This paper gives a concrete anyon-chain lattice model with Ising fusion category symmetry and maps out its phases. The key new piece is the categorical antiferromagnetic phase: it breaks translation and part of the symmetry yet remains critical, with fourfold degeneracy tied to the Ising CFT, plus a general argument that non-invertible antiferromagnets produce an exponentially large low-energy manifold from domain walls whose quantum dimension exceeds one. That argument is worth keeping in mind for anyone thinking about generalized symmetries. They also recover the expected threefold degeneracy in the categorical ferromagnetic phase and show the symmetric phase sits in the ordinary critical Ising class. The numerics plus analytics line up reasonably for the symmetric-to-ferromagnetic transition, which they match to the tricritical Ising CFT at c=7/10. The model construction itself is clean and the phase identifications are mostly straightforward. The softer spot is the symmetric-to-categorical-antiferromagnetic transition. The abstract calls it less understood and says the data only suggest a continuous c=3/2 CFT; without system sizes, entanglement fits, or level spectroscopy shown in the summary, finite-size effects or mis-counting of the fourfold degeneracy could easily produce an apparent central charge near 1.5. That part feels preliminary. This is for condensed-matter people working on anyonic chains, fusion categories, and non-invertible symmetries. A reader already following the generalized Landau paradigm will pick up the model and the domain-wall point quickly. I would send it for peer review. The construction and most of the phase diagram are solid enough to deserve referee attention, even if the c=3/2 claim needs more numerical detail or a clearer caveat in revision.

Referee Report

1 major / 0 minor

Summary. The manuscript studies an anyon-chain-like lattice model whose symmetry is described by the Ising fusion category. Combining numerical and analytical methods, the authors map a phase diagram containing a symmetric critical phase in the Ising universality class, a categorical ferromagnetic phase with threefold ground-state degeneracy arising from complete symmetry breaking, and a categorical antiferromagnetic phase that breaks lattice translation together with part of the fusion category. The latter phase is itself critical and described by a fourfold-degenerate Ising CFT. The authors further argue that antiferromagnetic states associated with non-invertible symmetry breaking generically possess an exponentially large low-energy manifold because domain walls carry quantum dimension greater than one. The symmetric-to-categorical-ferromagnetic transition is identified with the tricritical Ising CFT (c=7/10), while the symmetric-to-categorical-antiferromagnetic transition is reported as continuous with central charge c=3/2 on the basis of numerical data.

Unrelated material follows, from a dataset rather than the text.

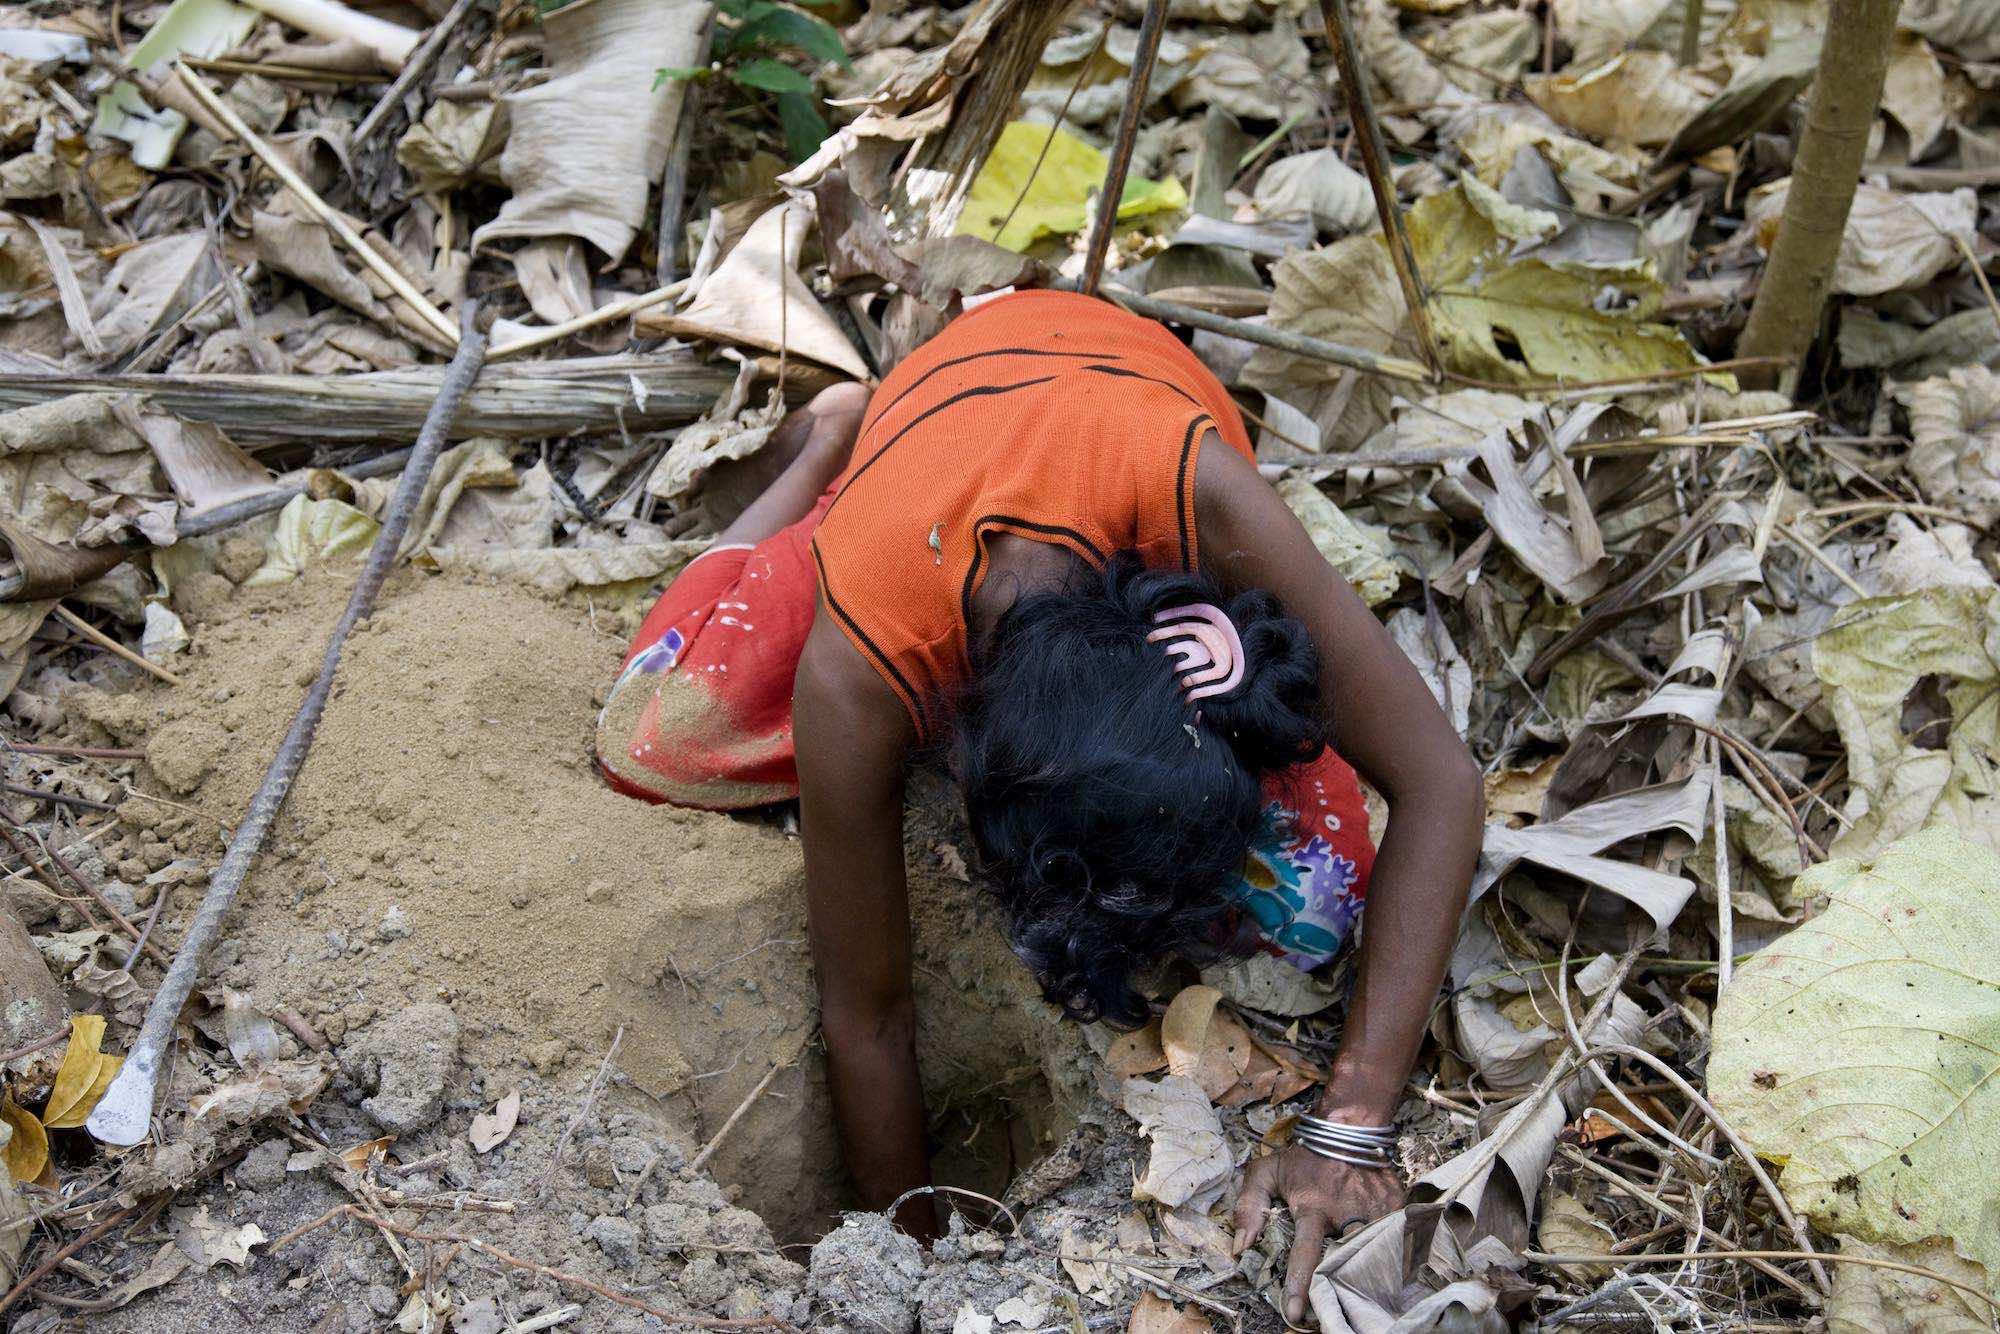 35.Sabai trepanned for wild yams in the rainforested Island.jpeg

Significance. If the central claims are substantiated, the work supplies a concrete lattice realization of generalized symmetry breaking for a non-invertible fusion category and illustrates how the greater-than-one quantum dimension of domain walls forces antiferromagnetic phases to remain critical. The general argument concerning the exponential growth of the low-energy manifold is a useful conceptual contribution. The identification of the tricritical Ising point provides a controlled benchmark, while the c=3/2 transition, if confirmed, would furnish an example of a novel universality class arising from non-invertible symmetry breaking.

major comments (1)

[Abstract and numerical results on the symmetric-to-categorical-antiferromagnetic transition] The claim that the symmetric-to-categorical-antiferromagnetic transition is continuous and belongs to a c=3/2 CFT rests on the statement that 'our numerical data suggest' this identification. No system sizes, entanglement-entropy scaling fits, level-spectroscopy data, or controlled extrapolation procedure are supplied in the abstract or the summary of numerical results. Because the categorical antiferromagnetic phase is itself asserted to be critical with fourfold degeneracy, finite-size effects or crossover could produce an apparent central charge near 3/2 without the transition actually being described by a single c=3/2 CFT. This identification is load-bearing for the reported phase diagram and the assertion that the transition is continuous.

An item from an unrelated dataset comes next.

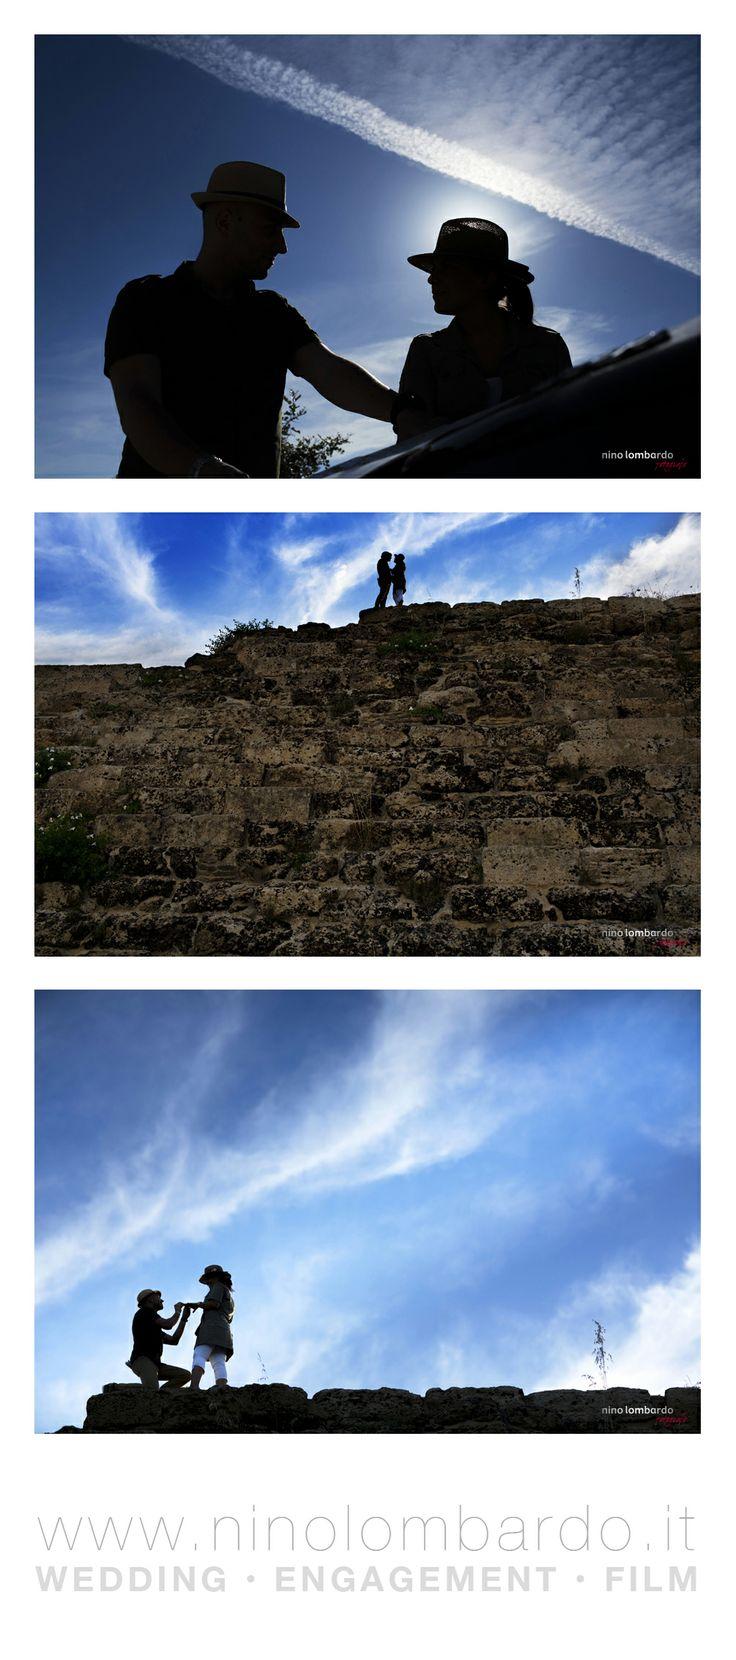 An adventurous marriage proposal ... • Engagement photo session • © www.ninolombardo.it

Simulated Author's Rebuttal

1 responses · 0 unresolved

We thank the referee for their careful reading of our manuscript and for identifying the need for clearer documentation of the numerical evidence supporting the symmetric-to-categorical-antiferromagnetic transition. We address this point directly below and will revise the manuscript accordingly.

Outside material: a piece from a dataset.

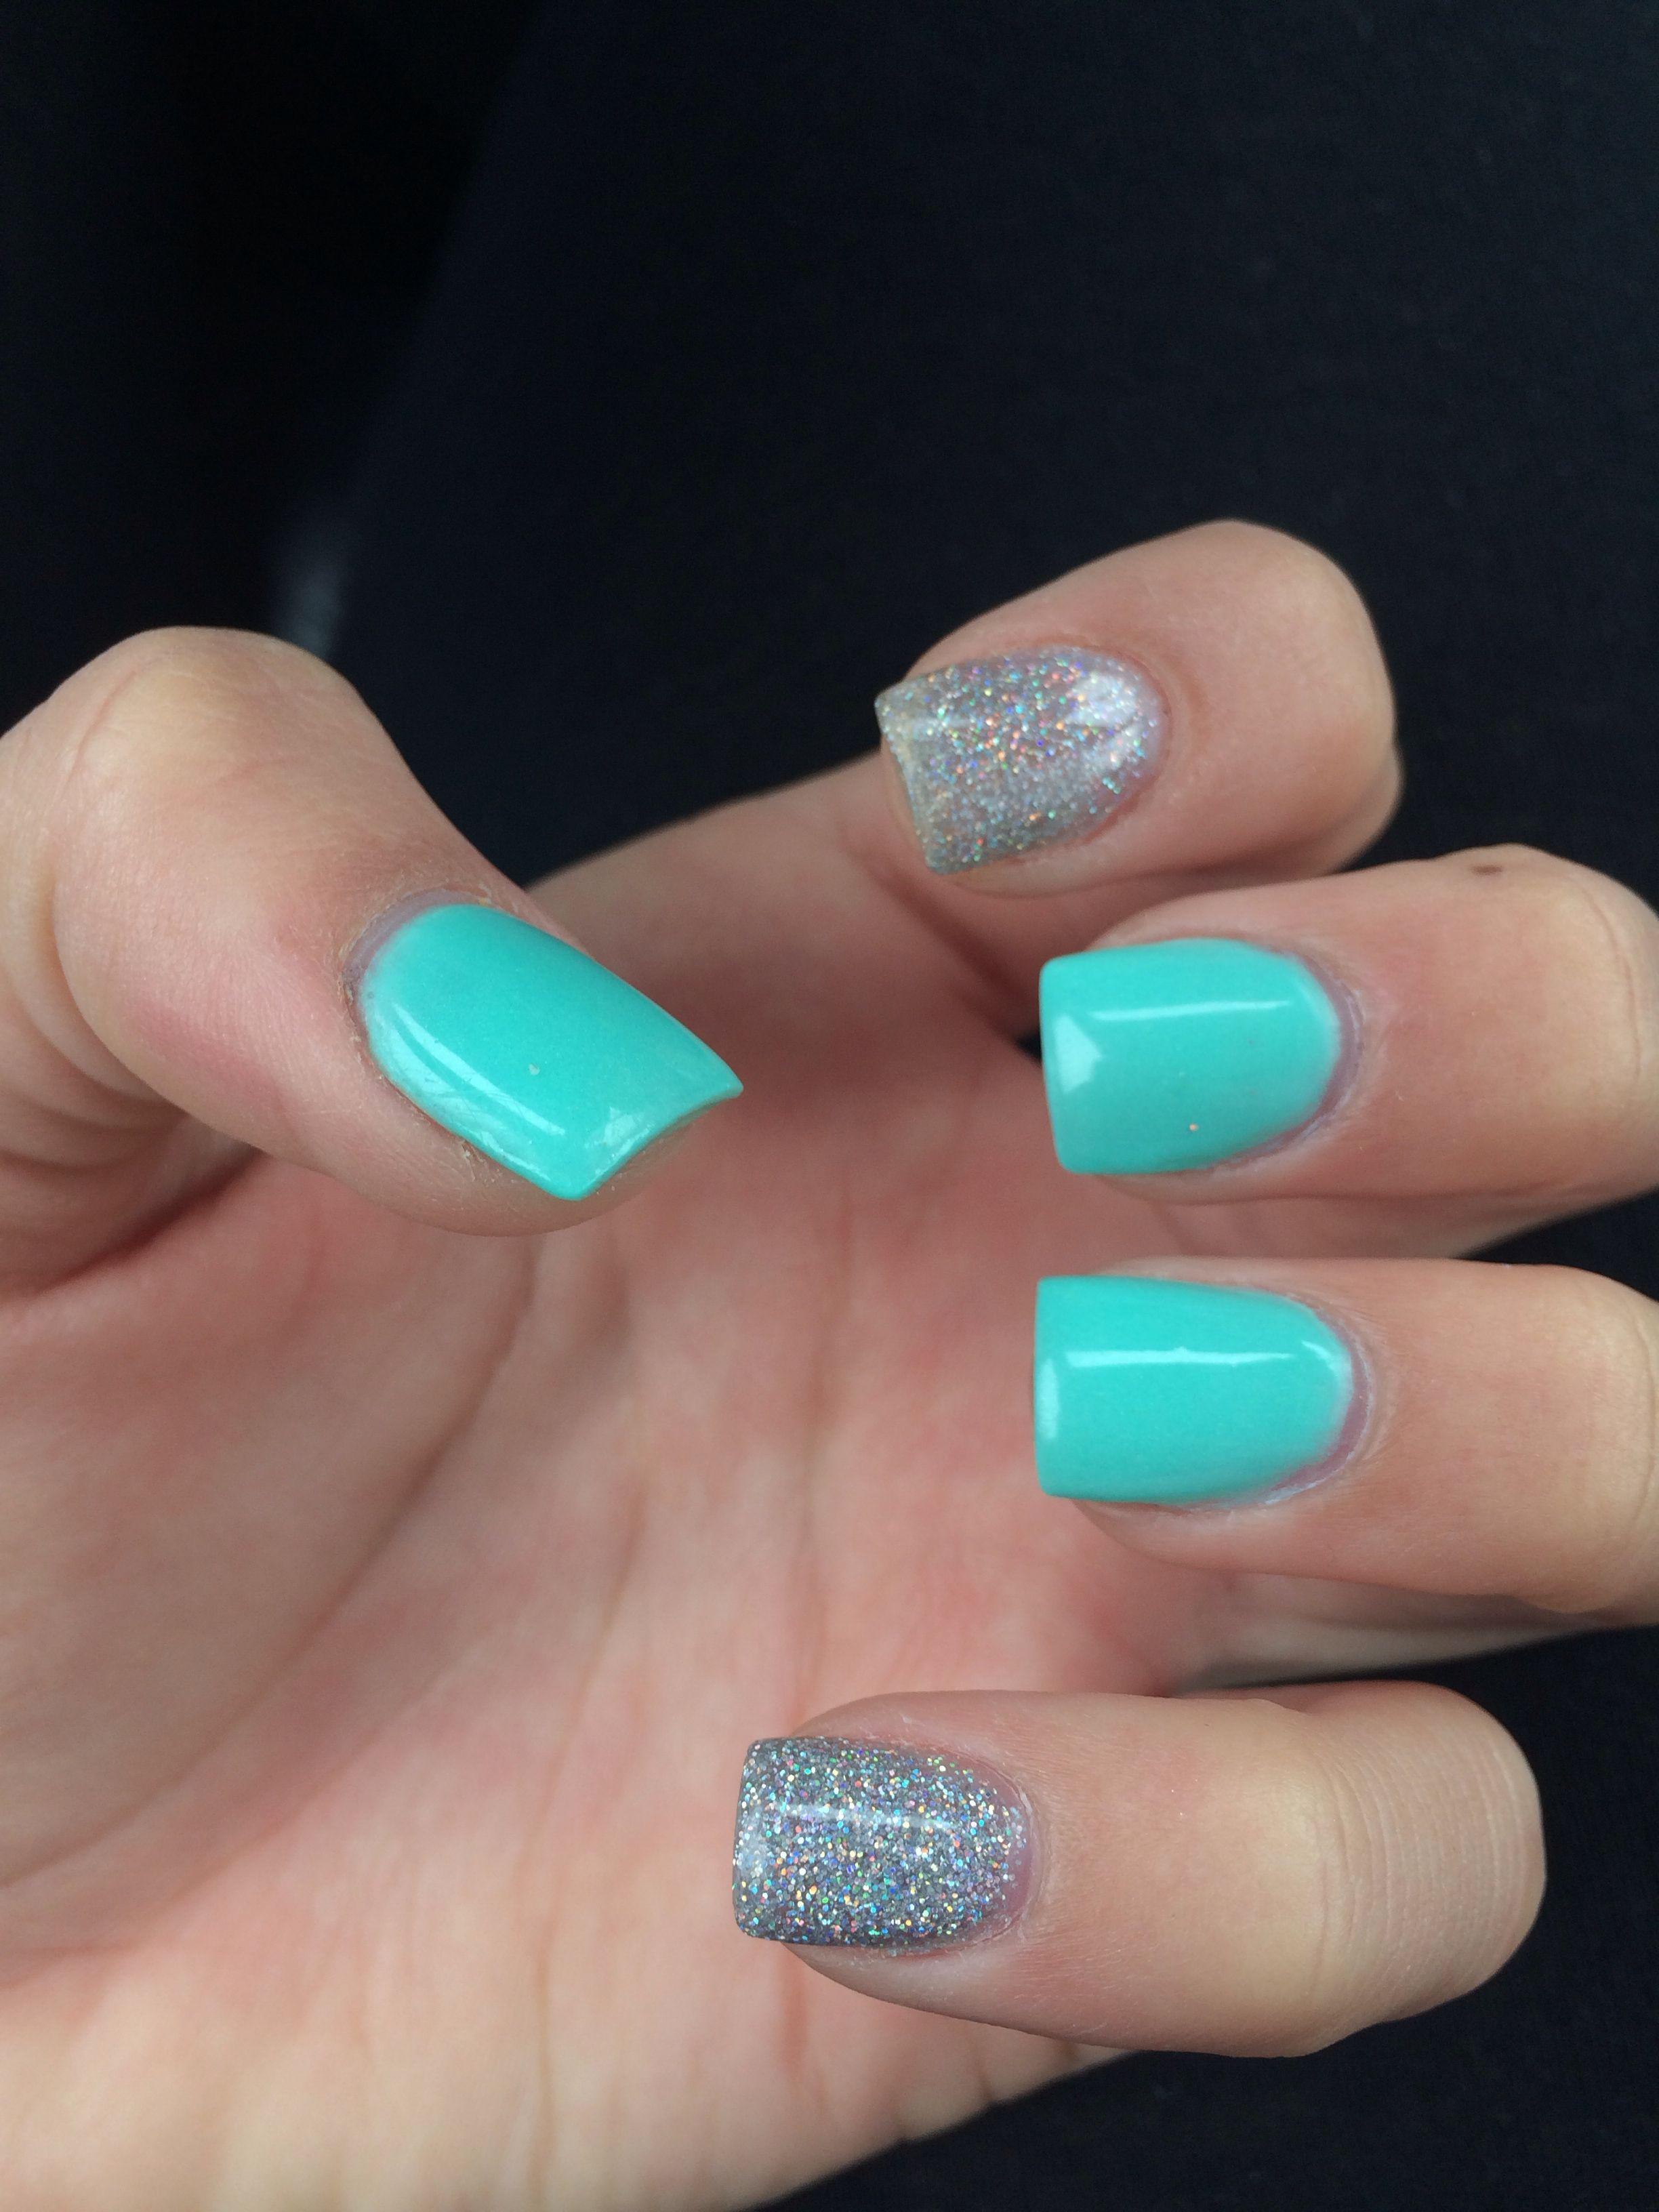 Teal acrylic nails   Acrylic nails   Pinterest   Teal ...

read point-by-point responses

Referee: [Abstract and numerical results on the symmetric-to-categorical-antiferromagnetic transition] The claim that the symmetric-to-categorical-antiferromagnetic transition is continuous and belongs to a c=3/2 CFT rests on the statement that 'our numerical data suggest' this identification. No system sizes, entanglement-entropy scaling fits, level-spectroscopy data, or controlled extrapolation procedure are supplied in the abstract or the summary of numerical results. Because the categorical antiferromagnetic phase is itself asserted to be critical with fourfold degeneracy, finite-size effects or crossover could produce an apparent central charge near 3/2 without the transition actually being described by a single c=3/2 CFT. This identification is load-bearing for the reported phase diagram and the assertion that the transition is continuous.

Authors: We agree that the abstract and the high-level summary of numerical results are too terse and do not adequately document the supporting data or address possible finite-size artifacts arising from the critical nature of the categorical antiferromagnetic phase. The detailed numerical analysis (system sizes, entanglement-entropy scaling, level spectroscopy, and extrapolation) appears in the main text, but we acknowledge that this is insufficient for a load-bearing claim. We will revise the abstract to include a concise statement of the largest system sizes employed and the extrapolated central charge. We will also expand the summary of numerical results into a dedicated paragraph that (i) reports the entanglement-entropy scaling fits and their stability under extrapolation, (ii) summarizes the level-spectroscopy results confirming the expected fourfold degeneracy without level crossings indicative of a first-order transition, and (iii) explicitly discusses why crossover effects from the adjacent critical phase do not dominate the scaling window. These additions will make the evidence for continuity and the c=3/2 identification transparent while preserving the original interpretation. revision: yes

Circularity Check

0 steps flagged

No significant circularity detected

full rationale

The paper identifies phases and transitions via a combination of direct numerical measurements (central charges, degeneracies, entanglement scaling) and analytical arguments grounded in standard fusion-category properties and known CFT universality classes (Ising, tricritical Ising). No derivation step reduces by construction to its own inputs: the threefold degeneracy follows from the generalized Landau paradigm applied to the Ising category, the fourfold degeneracy of the categorical antiferromagnet is tied to the quantum dimension of domain walls (a pre-existing anyon property), and the c=3/2 suggestion is explicitly labeled as a numerical observation rather than a fitted or self-defined prediction. No load-bearing self-citations or ansatz smuggling appear in the provided text.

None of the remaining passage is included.